- Developer(s): Jake Smith & Don Laabs (Atari ST & Amiga conversions by Simon Beal)
- Publisher(s): The Software Toolworks
- Designer(s): Dr. Myo Thant
- Platform(s): Mac OS, MS-DOS, Amiga, Atari ST, Apple IIGS, FM Towns, NEC PC-9801, X68000
- Release: 1988
- Genre(s): Simulation
- Mode(s): Single player

= Life & Death =

1988 video game

Life & Death is a computer game published in 1988 by The Software Toolworks. The player takes the role of an abdominal surgeon. The original packaging for the game included a surgical mask and gloves. A sequel, Life & Death II: The Brain, was published in 1990. In this sequel, the player is a neurosurgeon.

==Gameplay==

In the role of a resident abdominal surgeon at fictional hospital Toolworks General, the player must diagnose and treat a variety of maladies including kidney stones, arthritis, appendicitis, and aneuritic aorta. The last two require the player to perform surgery.

== Reception ==

Life & Death emphasized realism and visual detail even with limited colors.

Compute! complimented Life & Deaths graphics and sound, stating that the game effectively used CGA's four colors and the PC speaker, and stated that the game's warning to those queasy of blood was accurate.
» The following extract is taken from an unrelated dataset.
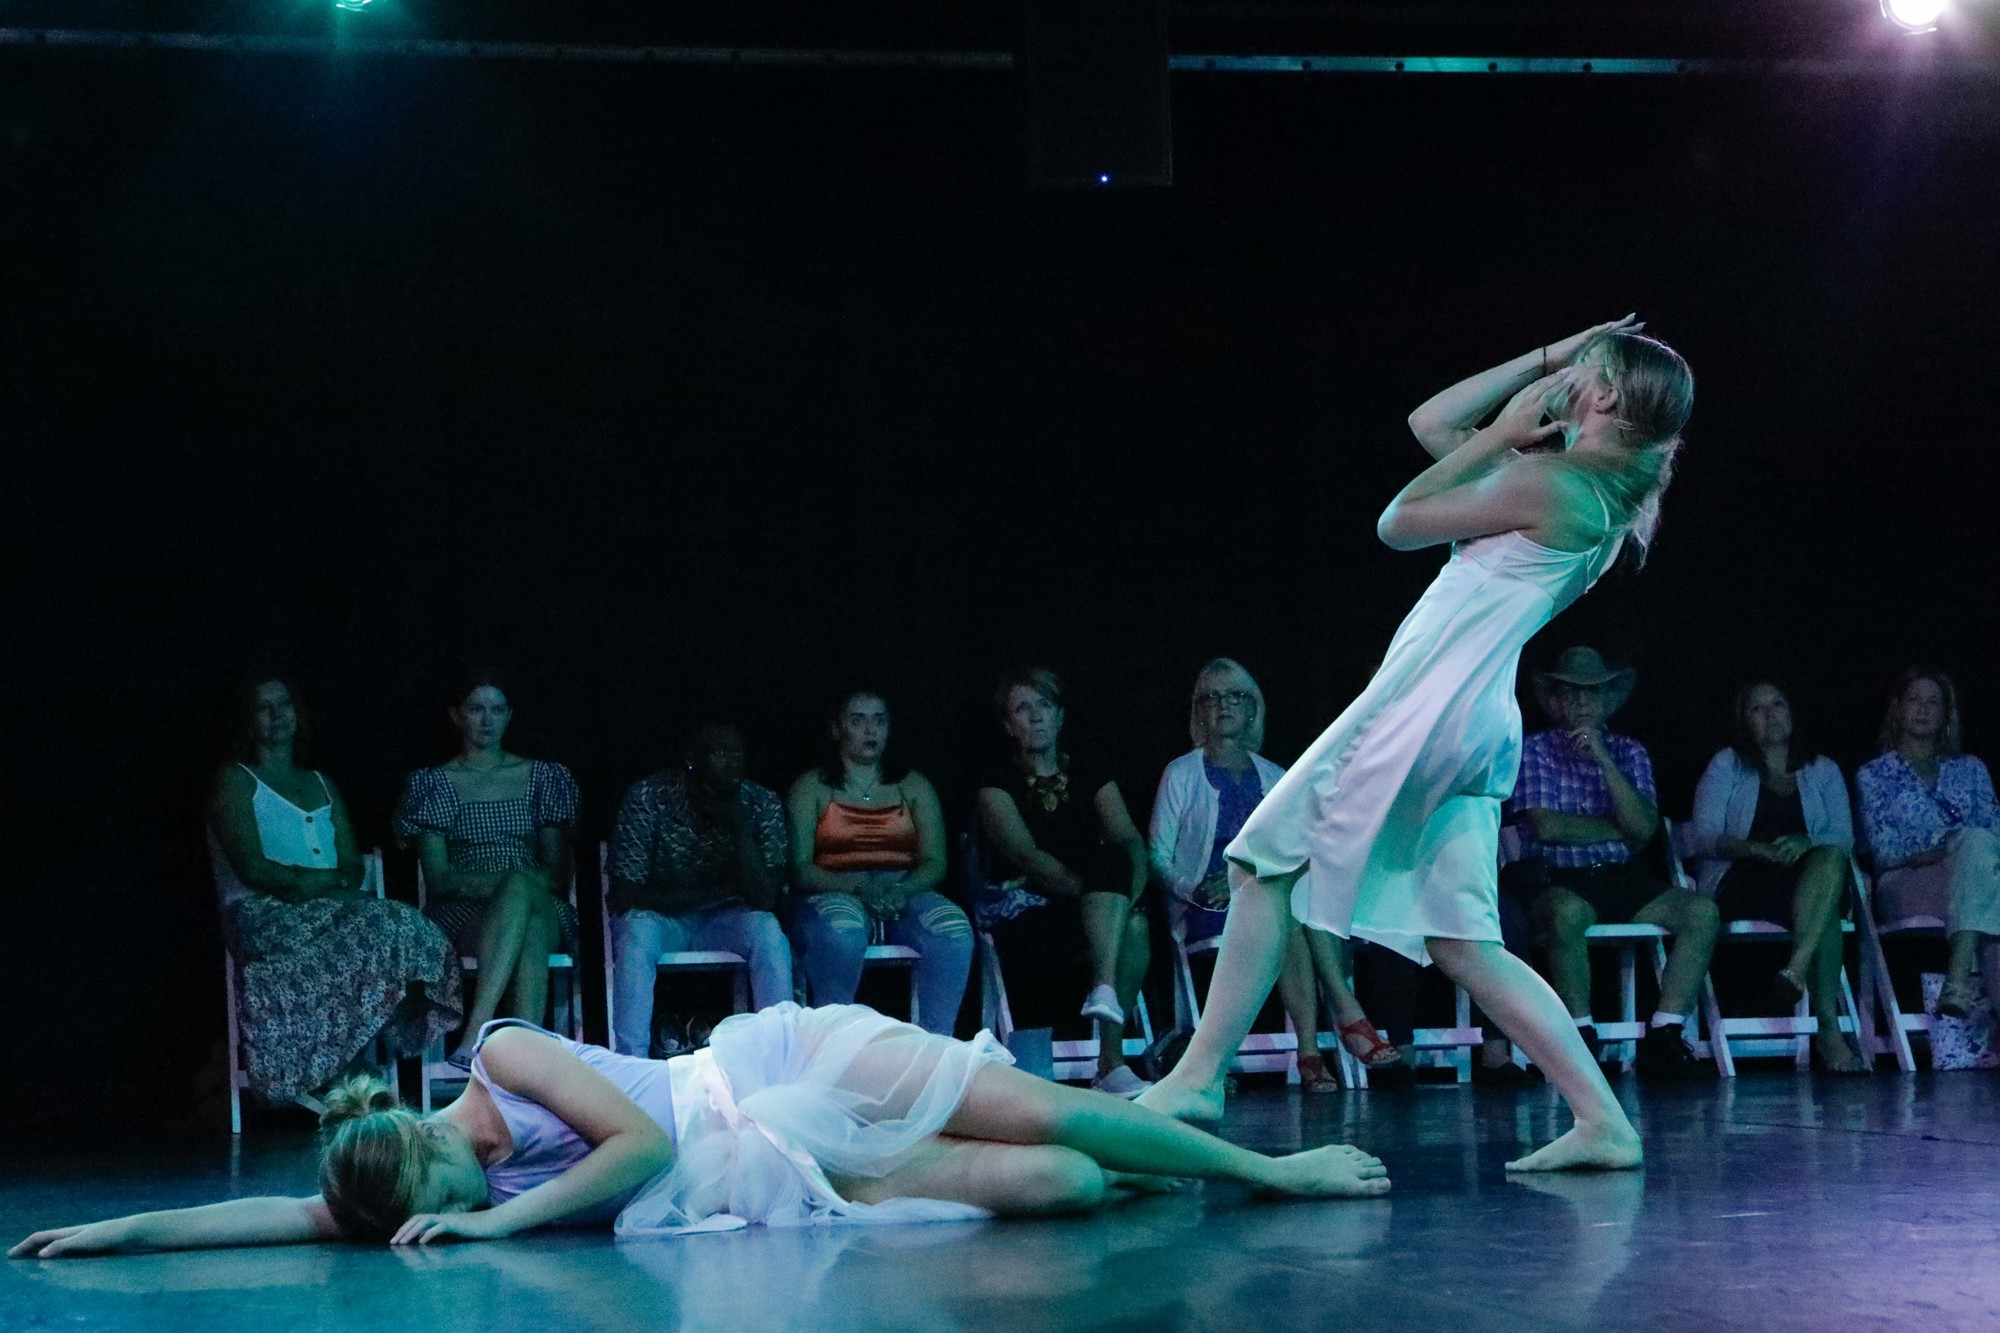 The work of rising choreographers will be on display at the May In the Round performance for Sarasota Contemporary Dance. (Courtesy photo: Sorcha Augustine)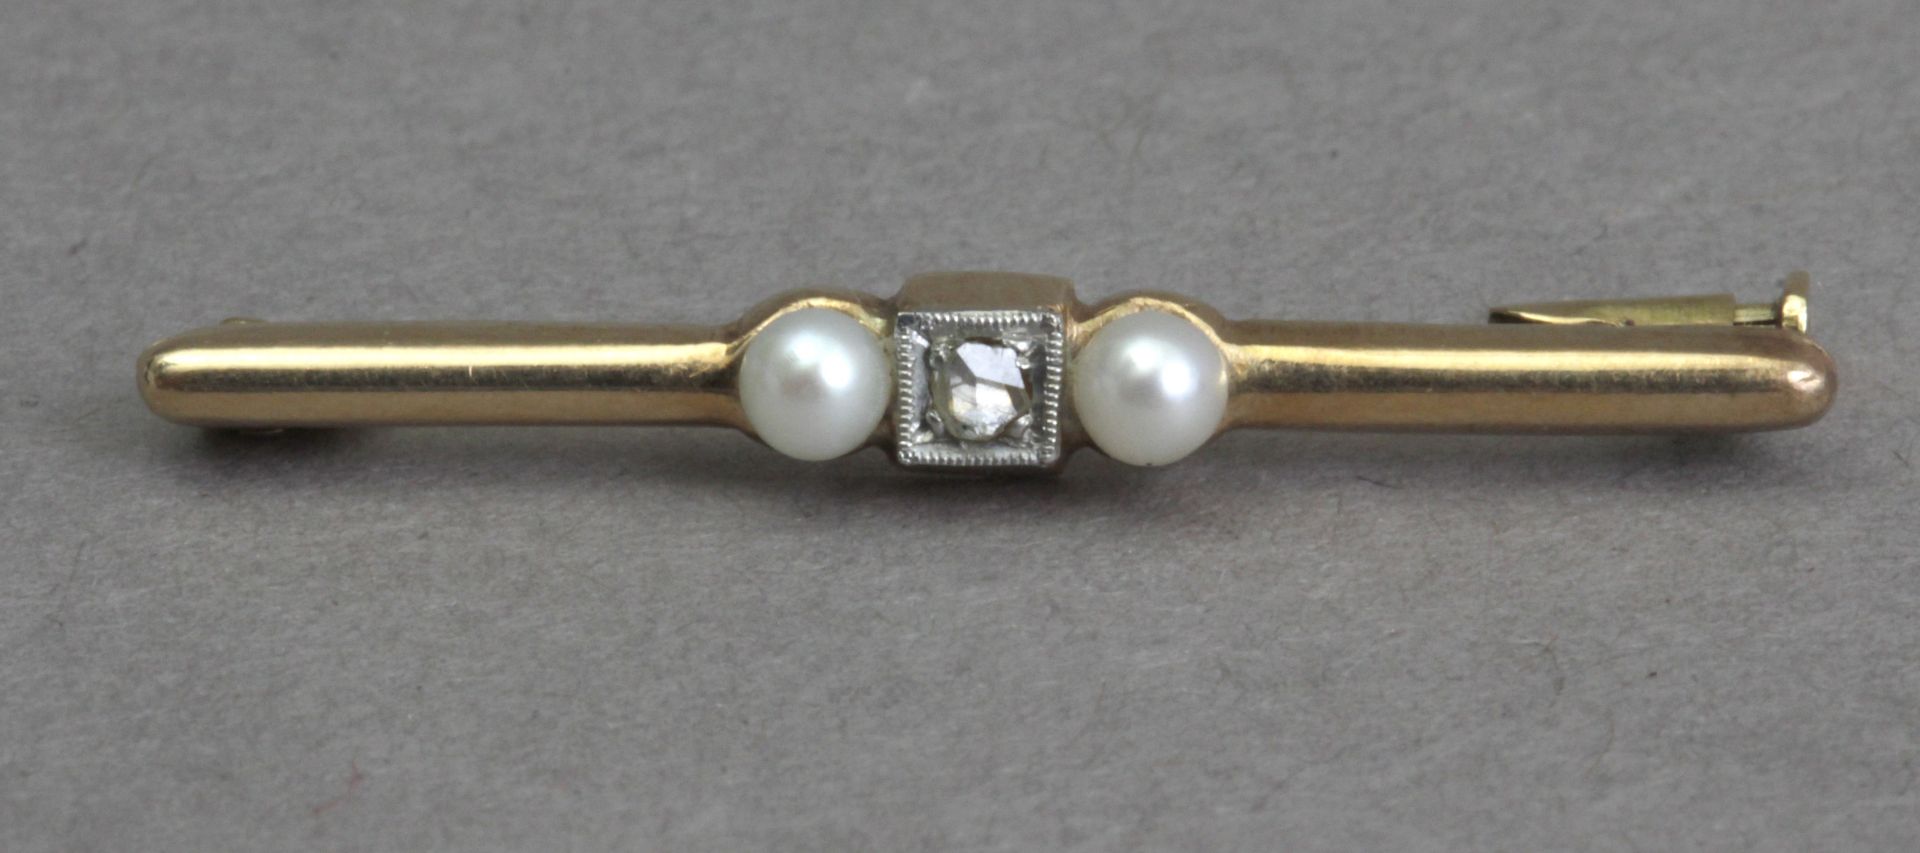 A first third of 20th century gold and diamonds tie pin - Image 2 of 4

An author on Gamasutra praised the game for its attention to detail and the way it offers significant depth and challenge despite only the mouse.

Franklin N. Tessler, M.D. in Macworld noted the Macintosh version's gore and difficulty, stating that "If the embossed photo of a bloody brain on the box doesn't get to you, the challenge and frustration of playing the game just might". He approved of the game's educational value and stated that it was "surprisingly realistic", albeit with some errors in the documentation. Tessler criticized the "annoying" copy protection, monochrome graphics, and lack of a save function.

Life & Death was nominated for Software Publishers Association (SPA) awards for Best Game, Best Simulation and Best Use of Technology.